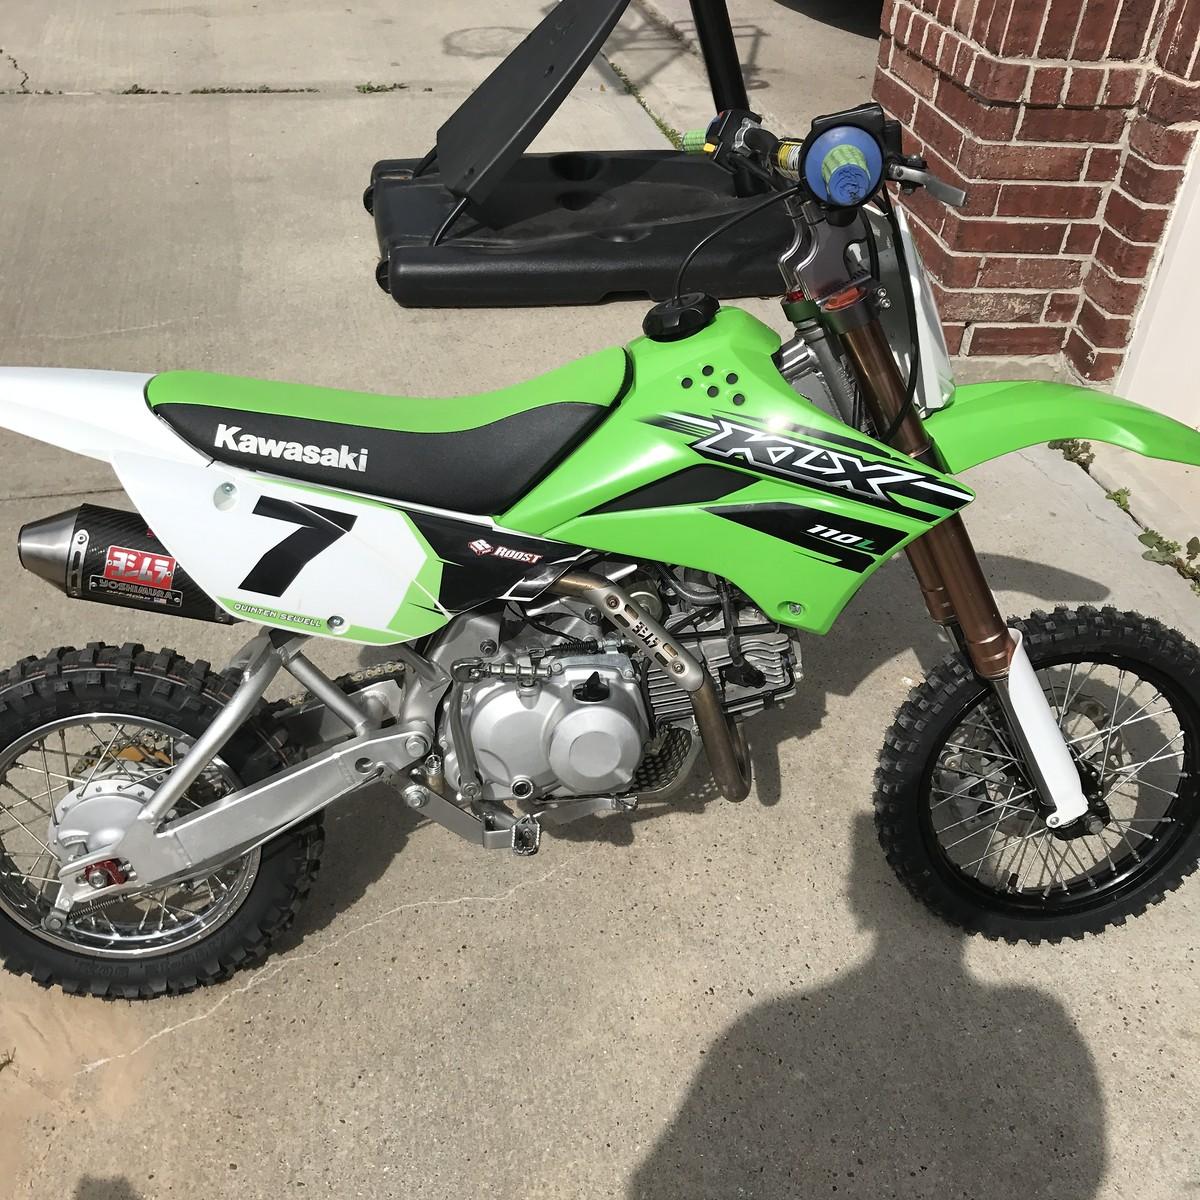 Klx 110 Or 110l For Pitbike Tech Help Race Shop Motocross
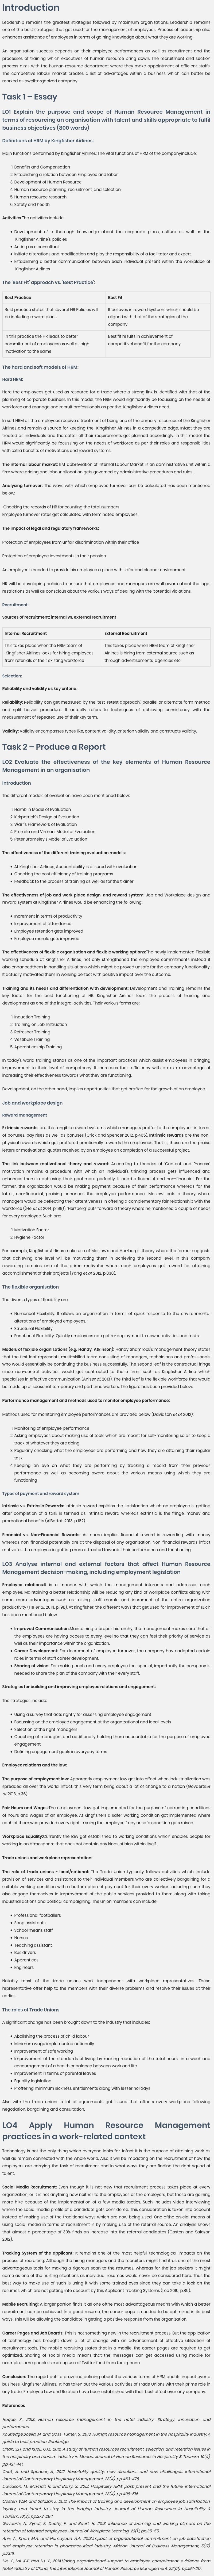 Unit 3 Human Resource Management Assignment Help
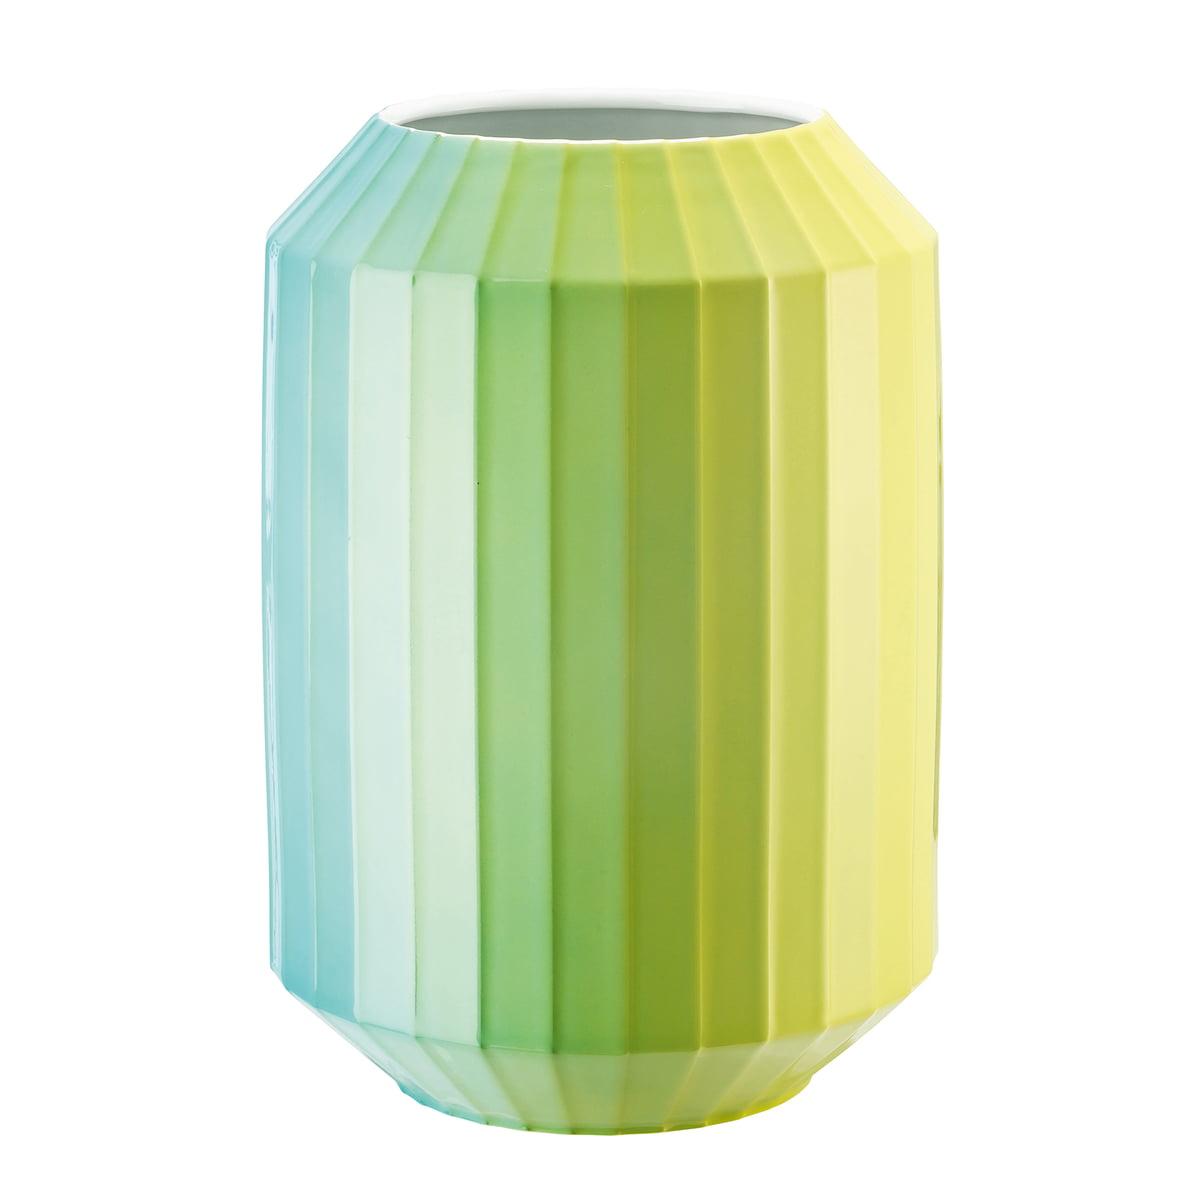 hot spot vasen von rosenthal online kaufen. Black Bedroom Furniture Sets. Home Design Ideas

» WHAT THE TASK ASKS
The data shown above must be printed again exactly, with no images included.

» EXPECTED ANSWER
 Klx 110 Or 110l For Pitbike Tech Help Race Shop Motocross
 Unit 3 Human Resource Management Assignment Help
 hot spot vasen von rosenthal online kaufen. Black Bedroom Furniture Sets. Home Design Ideas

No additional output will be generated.